La passion selon Juette
Auteur : Clara Dupont-Monot
Éditeur : Grasset
Année : 2007
Voici venir un livre curieux, que l’on pourrait surnommer dialogues du cœur, où les deux narrateurs s’expriment tour à tour, chacun se livrant à une réflexion intime sur le sens de la vie de l’héroïne.
L’intrigue a pour cadre une petite ville belge, commerçante et animée, au XVII ème siècle. La belle période policée du Moyen-Âge, comme nous aimons l’envisager maintenant. Toutefois le personnage du titre, Juette, n’accepterait guère l’idée qu’elle vit une période libre et ouverte. Elle nous apparaît au fil de ses confidences comme une vraie rebelle malgré toutes les contraintes et les retenues qu’elle subit ou qu’elle s’impose. Dès le début, elle peste de jolie façon contre les longues séances de couture devant la cheminée que lui impose sa mère, et nous entrevoyons la modernité du thème : Juette revendique le droit à jouir de la lumière du jour, de l’aire du jardin, de l’ombre chatoyante de l’arbre dans la cour, plutôt que de s’abîmer les yeux et les doigts sur son ouvrage sans cesse recommencé. Juette enfant refuse son avenir de femme, telle qu’elle la pressent à travers l’éducation de sa mère. Elle ne veut pas devenir une sorte de super servante, cantonnée aux travaux domestiques, même si la situation de commerçant aisé de son père lui assure l’assistance d’une domesticité pour exercer les travaux les plus lourds. Nous entrons ainsi dans le sujet, Juette ne veut ni ne peut se plier à la vie formatée qui lui est dévolue et elle n’aura de cesse de s’échapper, si ce n’est physiquement, elle s’enfuira du monde par le développement acharné de sa vie intérieure. Par l’imagination et les contes, par la philosophie qu’elle se forge seule, par l’enracinement d’une foi singulière dans sa lecture personnelle de sa vie.
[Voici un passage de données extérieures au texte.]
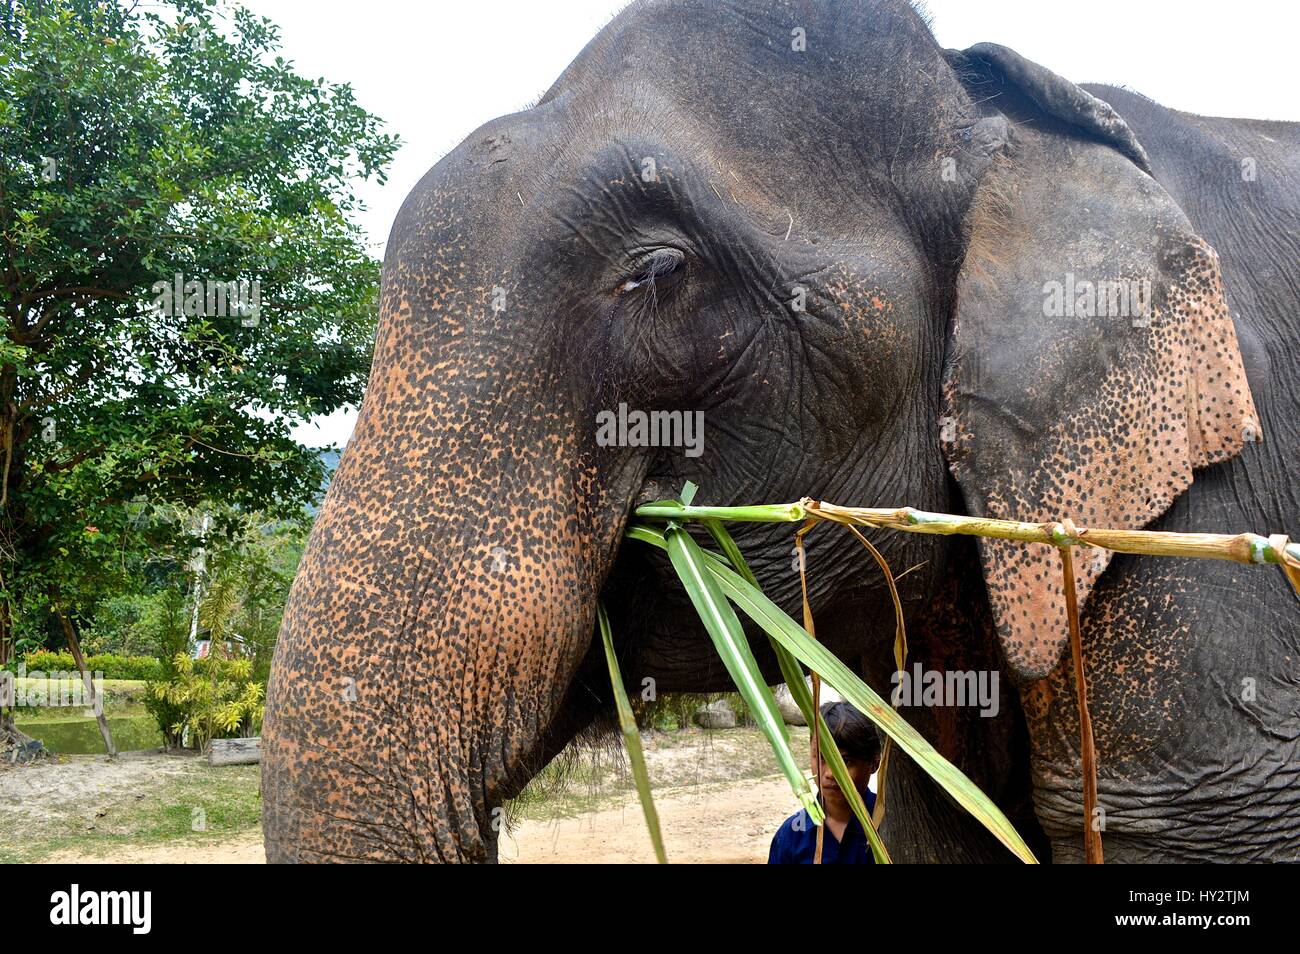 Elderly Asian bull elephant at a sanctuary Stock Photo

La deuxième voie du récit, qui vient étayer et confirmer le cheminement mental de la jeune femme est celle de son ami Hugues, moine appartenant à un ordre en marge de l’Église, et qui représente l’ouverture intellectuelle et spirituelle à laquelle elle aspire. Hugues guide les découvertes de la fillette, encadre ses premiers débats d’adolescente, et suit son parcours à distance dès lors que celle-ci se retrouve mariée par la volonté de ses parents. Il s’émerveille de son intelligence et de ses facultés d’indépendance morale, à une époque où nous imaginons mal que le libre-arbitre ait cours. Il s’inquiète ensuite des premiers signes d’étrangeté et de décalage manifestés par Juette, mère étrangère à la maternité, femme rejetant la sexualité de son époux et trouvant un refuge inavoué pour subir sans le vivre ce qu’elle ressent comme une salissure incontournable.
Poursuivre la narration serait vous priver de la fraîcheur de votre lecture, si le thème vous accroche. Me viennent cependant quelques réserves à propos de l’ouvrage : ou il s’agit de comprendre le destin psychologique de l’héroïne, et le cheminement de Juette devrait être plus explicite. Ou on s’intéresse à un destin historique et la détermination de femmes qui ont pu créer des œuvres sociales et spirituelles à cette période, les fameuses Béguines. Mais trop d’imprécisions et d’invraisemblances gênent l’adhésion totale du lecteur : par exemple, pourquoi et comment un moine consacrant son temps aux enluminures peut-il sortir de sa clôture pour aller seul instruire et guider une fille de commerçant, qui ne s’étonne pas de cette amitié insolite ? Comment ce moine, par ailleurs fort occupé de divers troubles théologiques peut-il développer une telle pré science des divagations de sa protégée, alors qu’ils ne se voient plus qu’en de très rares occasions ?
La langue du récit est fort belle cependant, souvent poétique, on y puise un réel plaisir. Mais je n’ai pas quitté l’ouvrage avec ce regret qui caractérise les bons livres, les incontournables, ceux que l’on réserve chaleureusement pour partager.